Mr Justice Colton also rejected claims the PSNI should not have to hand over more files to a man who survived two UVF assassination bids because the process could take years and cost hundreds of thousands of pounds.
He ruled there was potentially further documentation in the possession of the force that should be provided to John Flynn’s legal representatives.
Mr Flynn, from north Belfast, is suing the police over two attempts on his life allegedly carried out by an agent who operated in the city’s Mount Vernon area.
In 1992 a gunman tried to shoot him after he was lured to Whiteabbey Hospital on the outskirts of the city.
Five years later a second attempt was made to kill him in a failed car bomb attack.
The 56-year-old issued proceedings against the PSNI for alleged negligence and misfeasance in public office.
It was confirmed last year that the PSNI has admitted his misfeasance claim and accepted he should be paid damages which could ultimately reach £75,000.
But the force emphatically denies negligence or having ever employed the agent - identified only in the case as ‘Informant 1’.
He is suspected of involvement in 10-15 murders, punishment shootings, serious beatings, conspiracy to murder, robbery, hijacking and drug dealing.
Mr Flynn’s action was triggered by the findings of Police Ombudsman Nuala O’Loan that some Special Branch officers colluded with loyalist killers.
Her Operation Ballast report, issued back in 2007, centred on the activities of a UVF gang allegedly led by Mount Vernon man Mark Haddock.
As part of the lawsuit Mr Flynn’s lawyers sought access to 94 categories of documents.

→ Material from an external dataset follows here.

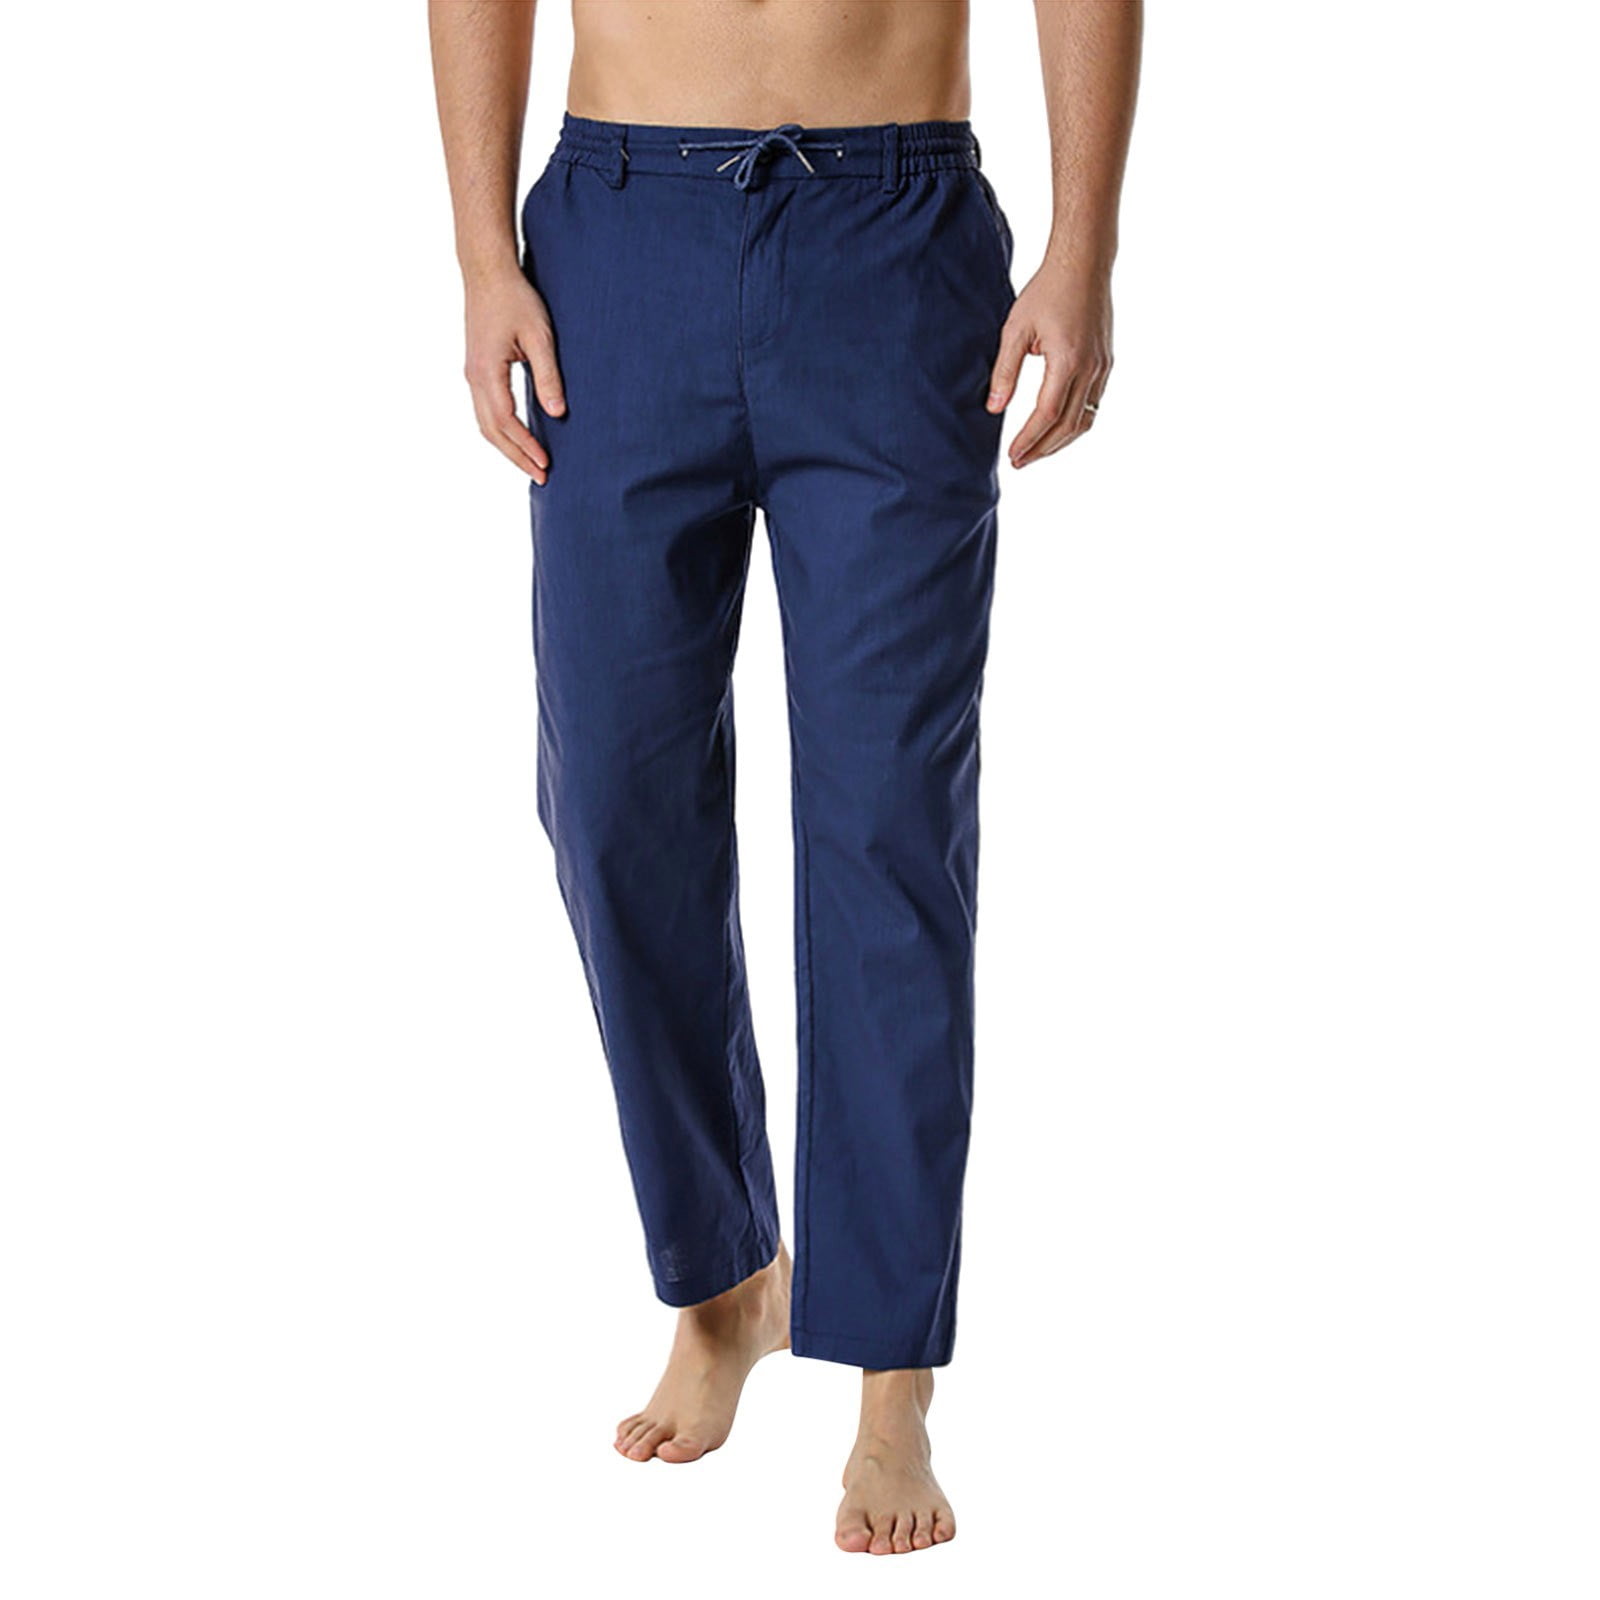 Blue Mens Workout Pants Casual Lightweight Elastic Waist Pants Loose ...

In court they argued that the police admission of partial liability was a tactical move to avoid handing over all files on the informant and cover over the full extent of alleged collusion.
An affidavit filed by Mr Flynn claimed police either failed to arrest the agent for the murders and other crimes or else conducted “sham” interviews, despite knowing he was a leading UVF figure.
Misleading records were deliberately compiled, while other documents and forensic exhibits were either destroyed or lost, he alleged.
Mr Flynn also claimed: “I believe that the police knew I was at risk from Informant 1 and were quite content to let me be murdered by him and his associates.”
Counsel for the Chief Constable argued that it was disproportionate and unnecessary to try to gain access to a “vast” amount of documentation when an admission of liability has been made.
He revealed that the material being sought covers a period of up to 14 years.
The court also heard it would take an estimated two years to identify all the documents and comply with the level of discovery being sought.
A Public Interest Immunity (PII) process alone would cost in excess of £300,000, according to a Superintendent asked to assess the scale.
But Mr Justice Colton said on Friday: “In a case such as this, given the grave allegations that have been made against the agents of the state, resource arguments are unattractive.”
Despite accepting that an order for specific disclosure may be laborious and time consuming, he added: “There is a force in the plaintiff’s submission that the defendant has not taken its discovery obligations seriously, at least prior to the admission defence.”
According to the judge much of the requested files should be already available because it featured in the Ballast report.
“I simply cannot understand why that material cannot be identified,” he said.
“Accordingly, I have come to the conclusion that the list of documents served in this action does not comply with the defendant’s obligations.”
With potentially more material held to be in the police possession that should be handed over, Mr Justice Colton directed further submissions which may lead to a “bespoke” discovery process being devised.
Outside court Mr Flynn’s solicitor pledged to take steps to ensure full and urgent disclosure.
Claire McKeegan of KRW Law said: “The PSNI have tried at every turn to avoid disclosing any relevant material to allow us to resolve this case.
“This decision is important not only to the matter at hand but to all of our legacy litigation where the state representatives have cited resources as justification for non-compliance with the rules.
“We see today’s decision as a marker that this position will not be accepted.”